Director of finance Richard Page (pictured) says that as a mental health trust with a private finance initiative scheme, it already had a relatively low EBITDA margin (earnings before interest, tax, depreciation and amortisation). But taking on leases of community healthcare buildings has further reduced this – lease costs are above the EBITDA line.

‘The I&E position in community services was not much different from our own, but we knew it would affect EBITDA because there were no assets coming with the services, so there is no depreciation and no extra public dividend capital,’ he says.
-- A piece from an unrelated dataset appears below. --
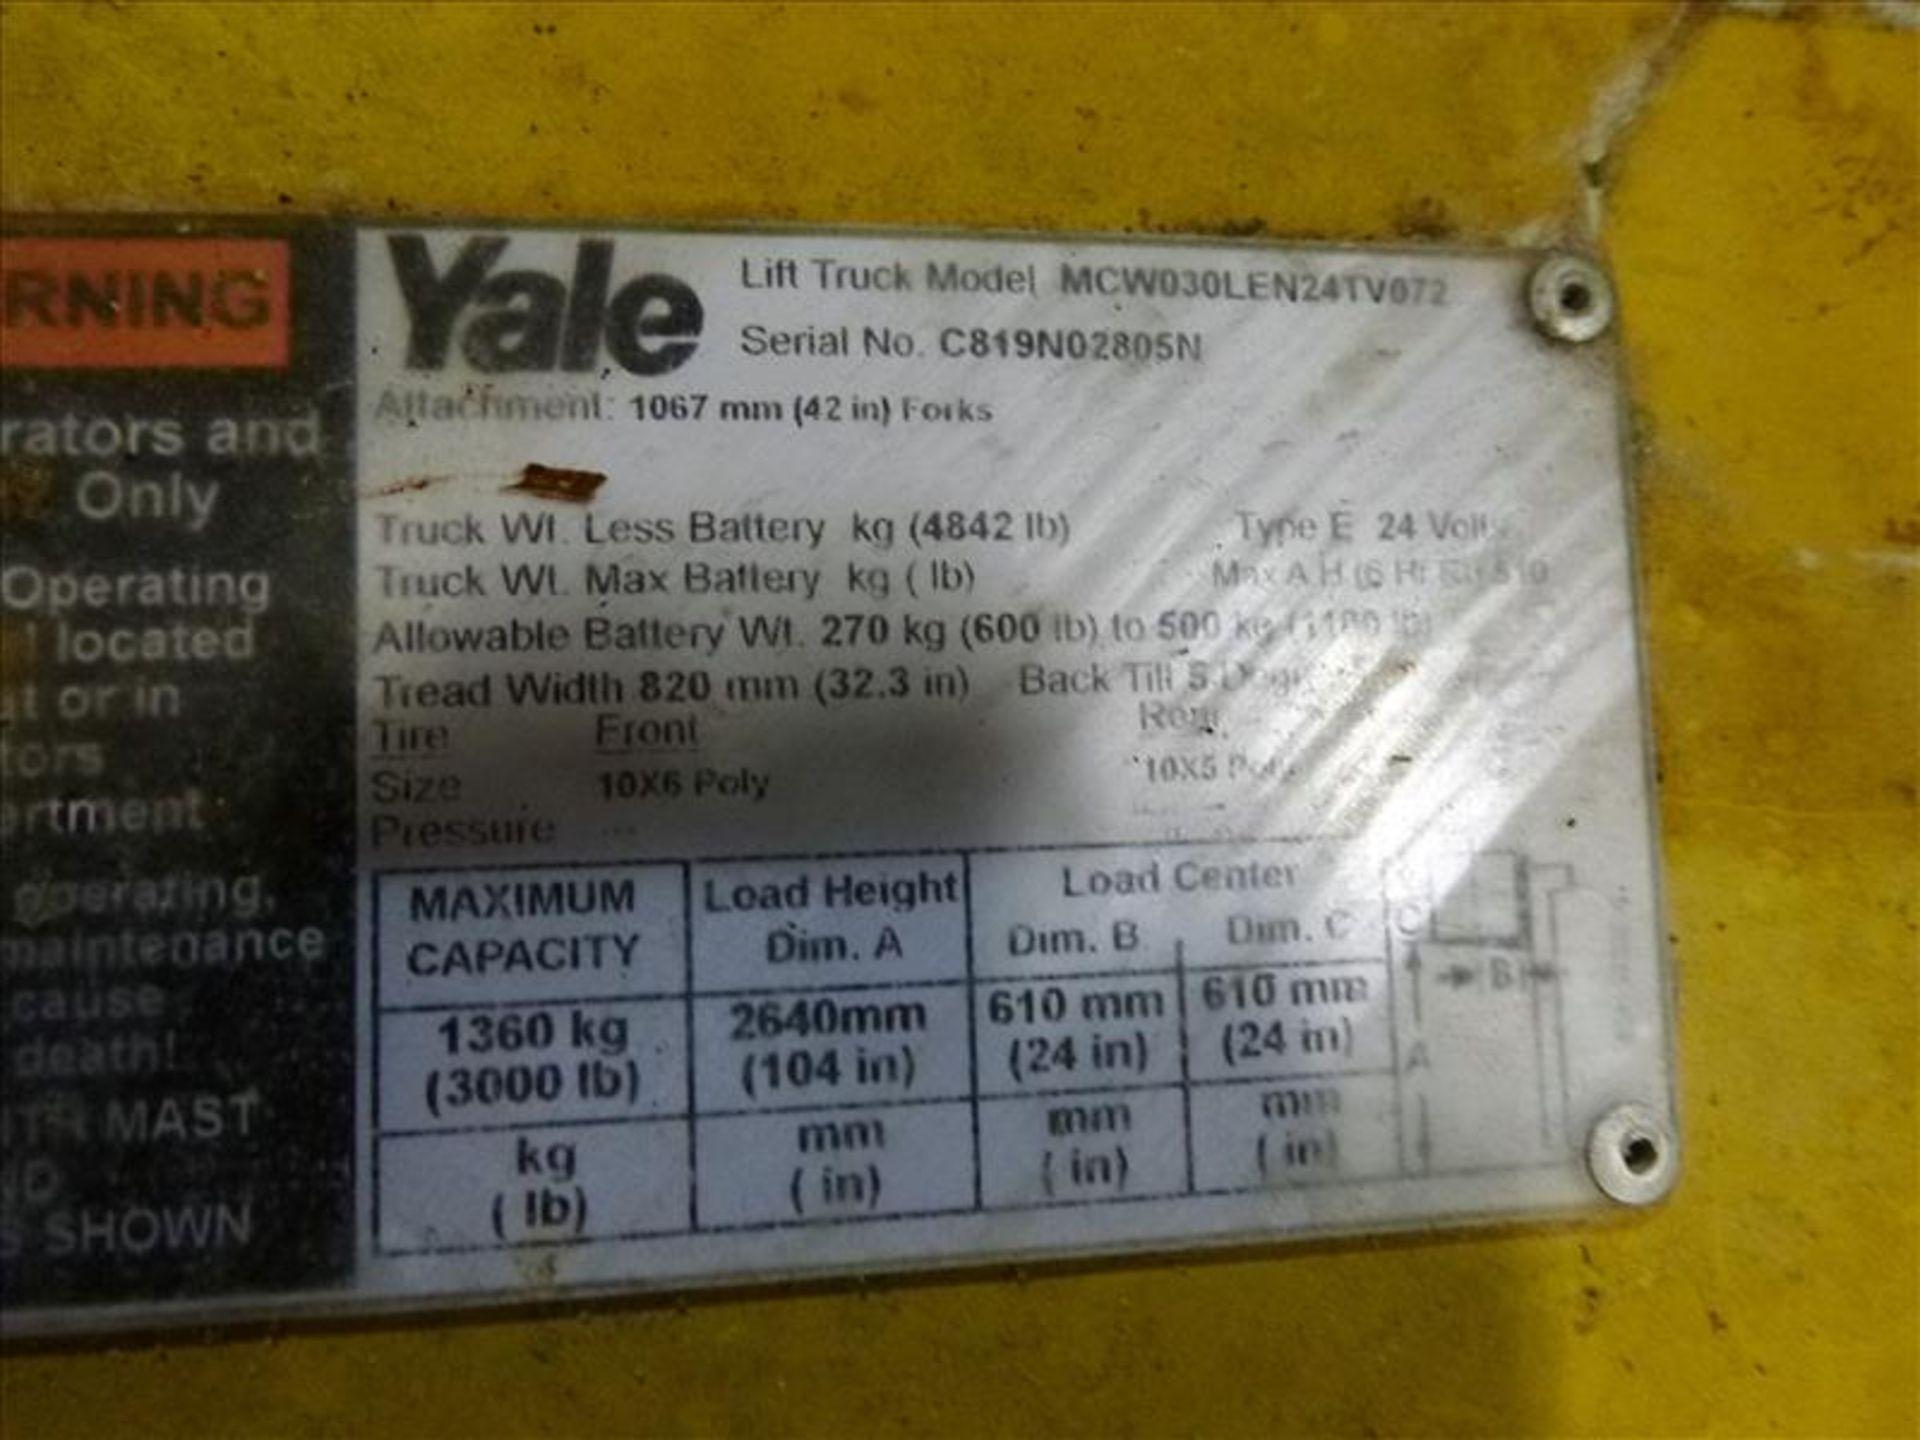 Lot 2021 - Yale walk-behind fork lift truck, mod. MCW030LEN24TV072, ser. no. C819N02805N, 24V electric, 3000

Despite the reduction in FRR, Mr Page says the trust is ‘sitting comfortably on a 3, rather than sitting comfortably on a 4’. The trust has a strong balance sheet and its internal risk ratings, which look at I&E reserve and liquidity as a percentage of turnover, show it in a strong position.

It’s early days to see benefits, but he believes they will come as the new services become embedded in the trust’s culture. ‘We are looking at hard benefits – things we know we are definitely going to get, having been through due diligence. These are issues such as savings on overheads and corporate costs,’ Mr Page explains. ‘We are not planning on the basis of heroic changes – the type you need to take £1m out to make it financially viable. If that were the case we wouldn’t do it.’

Savings will be made by integrating care pathways – for example, many older people with mental health problems also have physical problems and the trust is finding a lot of crossover between mental health and community patients. And he believes integration will improve quality and reduce inequalities as many patients with mental health issues and learning disabilities find it difficult to access care for physical health problems.